# Traveling at Near-Light Speed: Time Dilation and Your Perspective Explained

• csnsc14320
In summary, if you were to travel just short of the speed of light, it would take you about a year to reach an object one light year away from the perspective of someone on Earth. However, from your own perspective, it could be a very short period of time due to time dilation. This raises the question of just how far away the object truly is, as from your perspective it could be much closer. Additionally, if you were to travel at a constant acceleration of 1 gee, you could theoretically travel huge distances in a short amount of time from your perspective, but your home would age significantly during the journey. This phenomenon becomes even more extreme as you approach the speed of light, with a near-instantaneous journey from your

#### csnsc14320

I'm just wondering:

Say you obtain a spaceship that can travel just short of the speed of light.

If you travel to ao object "one light year" away, would it take you one year to get there from YOUR perspective, or from some stationary person on Earth's perspective?

Because I know that the closer you get to the speed of light, the slower time passes for you relative to people at rest

So, basically, I'm wondering if, from your perspective, it takes one year to get there or some shorter time

If you travel just short of the speed of light - from the perspective of someone on Earth - then to them it takes you about a year to get there. From your perspective, it could be a very short period of time.

russ_watters said:
If you travel just short of the speed of light - from the perspective of someone on Earth - then to them it takes you about a year to get there. From your perspective, it could be a very short period of time.

really? because i have always wondered that, if it is 50 million light years to the center of our galaxy, then there is really no hope of ever getting too far since that's an excruciatingly long amount of time

so if you were to travel just short of light speed, you could theoretically travel huge distances in what seems like a short amount of time for you? (although your home would be 50 million years older)

csnsc14320 said:
really? because i have always wondered that, if it is 50 million light years to the center of our galaxy, then there is really no hope of ever getting too far since that's an excruciatingly long amount of time

so if you were to travel just short of light speed, you could theoretically travel huge distances in what seems like a short amount of time for you? (although your home would be 50 million years older)
Yep, that's right

diazona said:
Yep, that's right

crazy stuff :p

thanks

Even crazier things happen if you don't return. Say your friends back home are sending you messages. How many years would you see go by in their messages?
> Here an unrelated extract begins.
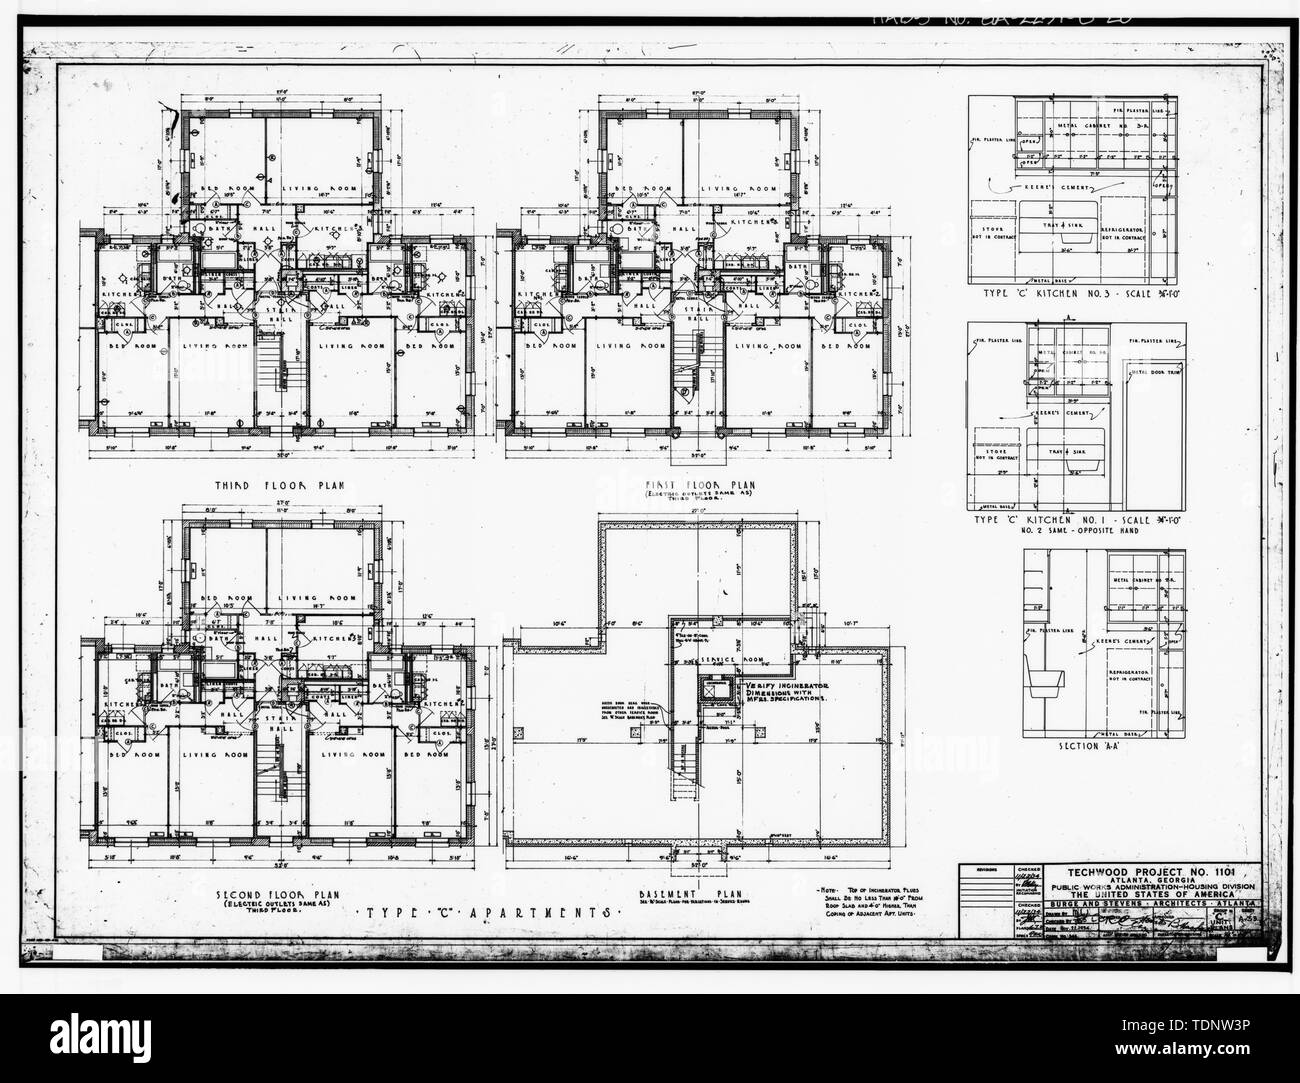 Photocopy of Drawing (November 1934 Architectural Drawings by Burge and Stevens, in Possession of the Engineering and Capital Improvements Department of the Atlanta Housing Authority, Atlanta, Georgia). FLOOR PLANS, TYPE 'C' APARTMENTS, KITCHEN ELEVATIONS, TECHWOOD PROJECT -1101, SHEET A-53. - Techwood Homes, Building No. 1, 575-579 Techwood Drive, Atlanta, Fulton County, GA Stock Photo

Depends on your means of getting close to lightspeed, but say you're accelerating at 1 gee. Then once you've traveled more than a few light-years, the time-difference between when you left and the messages from home you receive on coming to a halt at the Galactic Core, or wherever, is just 1.9 years. That's the difference between light's travel time and yours, regardless of how far you go, if you accelerate constantly the whole way.

think about russ' response above for a moment - from the perspective of someone on Earth watching you, it would take you just over a year to get there - BUT from your own perspective, you will have traveled that "one light year" in far less that a year - which brings up the question of "just how far away is that star?" from your perspective, you have either traveled faster than the speed of light, or the star is not "really" 1 LY away.
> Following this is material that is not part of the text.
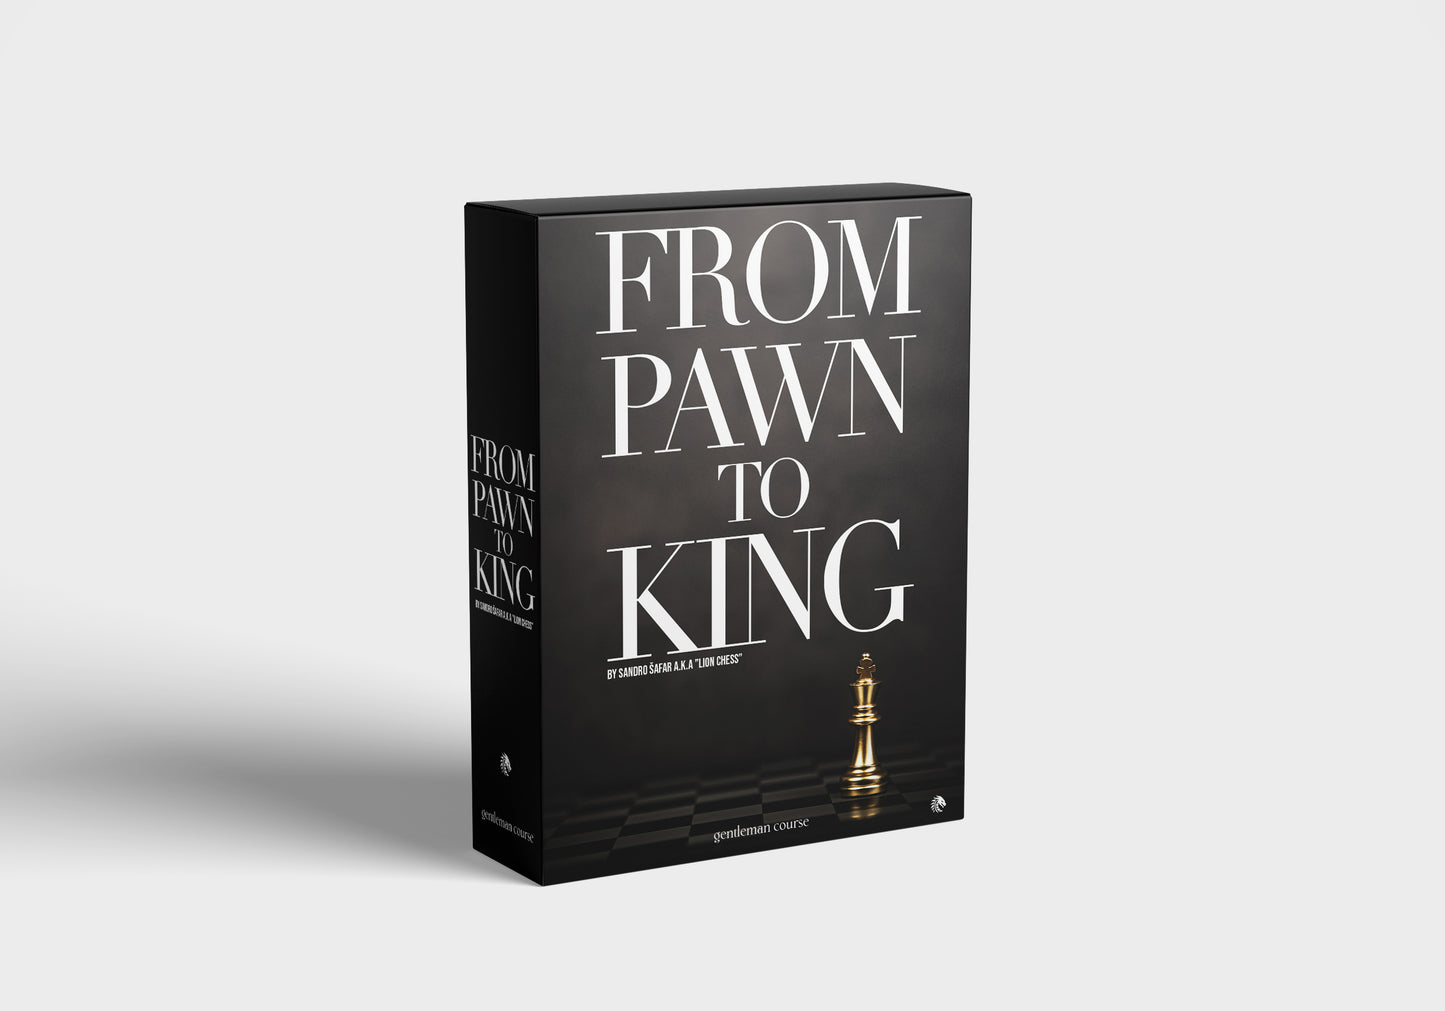 FROM PAWN TO KING

from Earth's perspective, again, it is 1 LY, but from your ship's perspective, it is perhaps only a few million miles (depending on how close to C you are traveling). if you could actually travel at C, people on Earth would say it took you exactly one year to arrive, but from your perspective, you would be there instantaneously, since time does not exist at C. so, how far away is that star, really?

csnsc14320 said:
really? because i have always wondered that, if it is 50 million light years to the center of our galaxy, then there is really no hope of ever getting too far since that's an excruciatingly long amount of time

so if you were to travel just short of light speed, you could theoretically travel huge distances in what seems like a short amount of time for you? (although your home would be 50 million years older)
FYI, it is "only" about 50,000 light-years to the center of our galaxy, not 50 million. But even that is an excruciatingly long distance / travel time.

PhysicsDilettante said:
FYI, it is "only" about 50,000 light-years to the center of our galaxy, not 50 million. But even that is an excruciatingly long distance / travel time.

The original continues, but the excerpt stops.